Boeing Receives Stinging Report on Super Hornet
WASHINGTON — Flaws in the development of the newest version of the FA-18 E/F Super Hornet fighter could jeopardize an $8.8-billion Boeing Co. contract to continue early production of the jet, according to a congressional report.
The General Accounting Office, the audit arm of Congress, said it identified 84 deficiencies in the FA-18 E/F Super Hornet, the latest version of Boeing’s most important military aircraft program.
The problems could cause the plane to fail six months of testing needed to trigger the five-year contract, the report said Tuesday. The GAO had made a similar warning in a report in March.
Boeing’s main subcontractor on the FA-18 program is Los Angeles-based Northrop Grumman Corp., which builds about 40% of the aircraft at its facilities in El Segundo and Hawthorne. About 2,000 workers produce the planes’ fuselages and twin vertical tails, and install many of its internal components.
Raytheon Co.’s sensors and electronic systems division in El Segundo also builds the radar for the FA-18.
Testing in the $46-billion program, the Pentagon’s second-most expensive, could lead to full-scale production of the Super Hornet next March. A successful test also would allow Seattle-based Boeing to sell an export model of the plane, which could add billions of dollars in sales, Boeing said.
“According to the Navy, the FA-18 E/F is meeting all performance requirements,” wrote the GAO. “We do not agree.”
The Navy and Boeing acknowledged in January that the plane faced a “medium” risk of failure, according to the GAO report.
The Super Hornet will be the Navy’s top aircraft carrier-based fighter-bomber. The Navy plans to buy as many as 548 aircraft at $55 million each.

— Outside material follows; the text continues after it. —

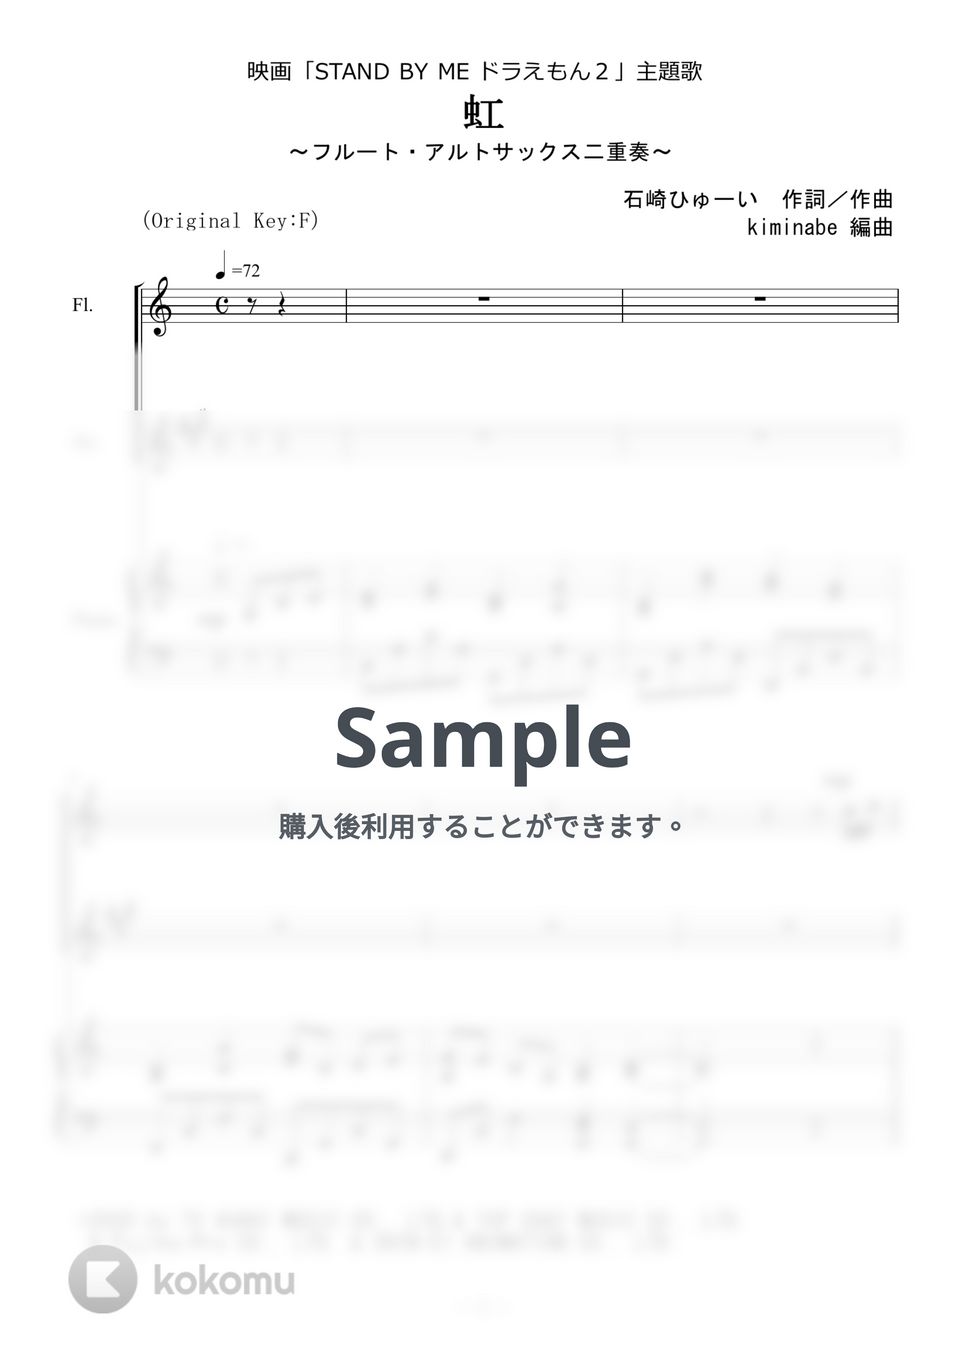 菅田将暉 - 虹 (フルート・アルトサックス二重奏) by kiminabe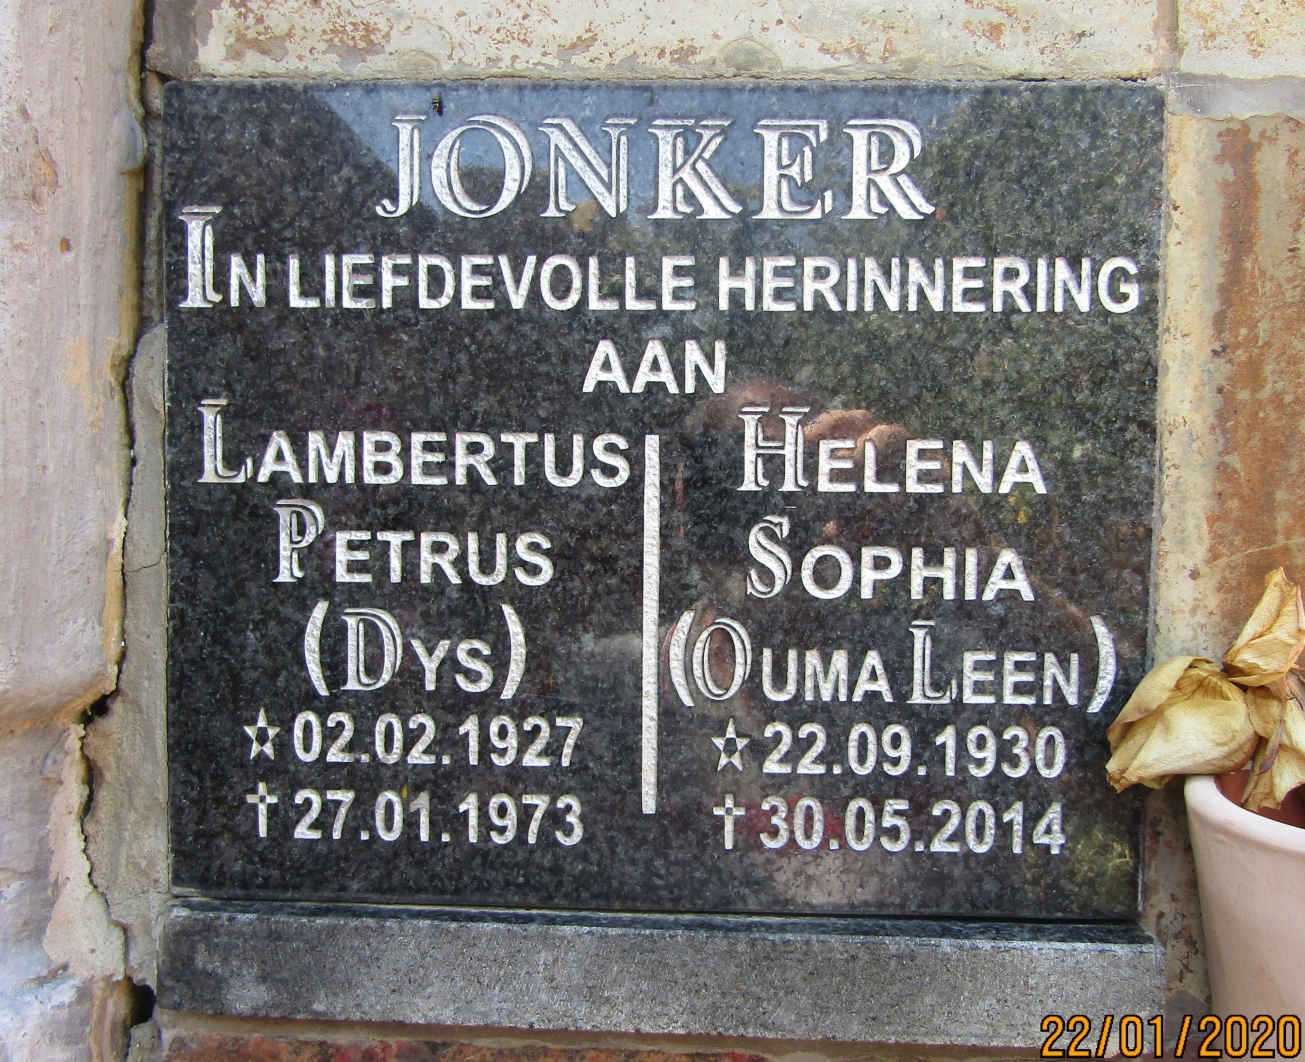 JONKER Lambertus Petrus 1927-1973 & Helena Sophia 1930-2014

The Super Hornet’s deficiencies, documented in 4,000 hours of testing, are related to its ability to accelerate, turn, climb, roll and detect incoming enemy missiles during combat maneuvers, the GAO said.
The Navy’s operational-test schedule doesn’t include enough time to correct the deficiencies and test them before the production decision is made, the GAO said. The GAO recommended that the Defense Department “defer multiyear funding until all corrections have been incorporated into the aircraft design and successfully tested.”
The Pentagon and Boeing took issue with the GAO, the audit arm of Congress.
The Pentagon’s director for strategic and tactical systems, George Schneiter, wrote to the GAO to say, “There are no deficiencies currently identified that would require a major redesign of the aircraft or are serious enough to warrant not awarding a multiyear contract.”
Boeing has “a great deal of confidence in the Super Hornet,” said spokeswoman Ellen LeMond-Holman. Jim Hart of Northrop Grumman declined to comment.
The Navy is asking for congressional approval to spend $2.8 billion on 36 Super Hornets in fiscal 2000. The purchase would be the first of a multiyear contract that locks in five years of production for Boeing’s most profitable fighter program, based in St. Louis.
Boeing shares rose 19 cents to $42.75 Wednesday on the New York Stock Exchange.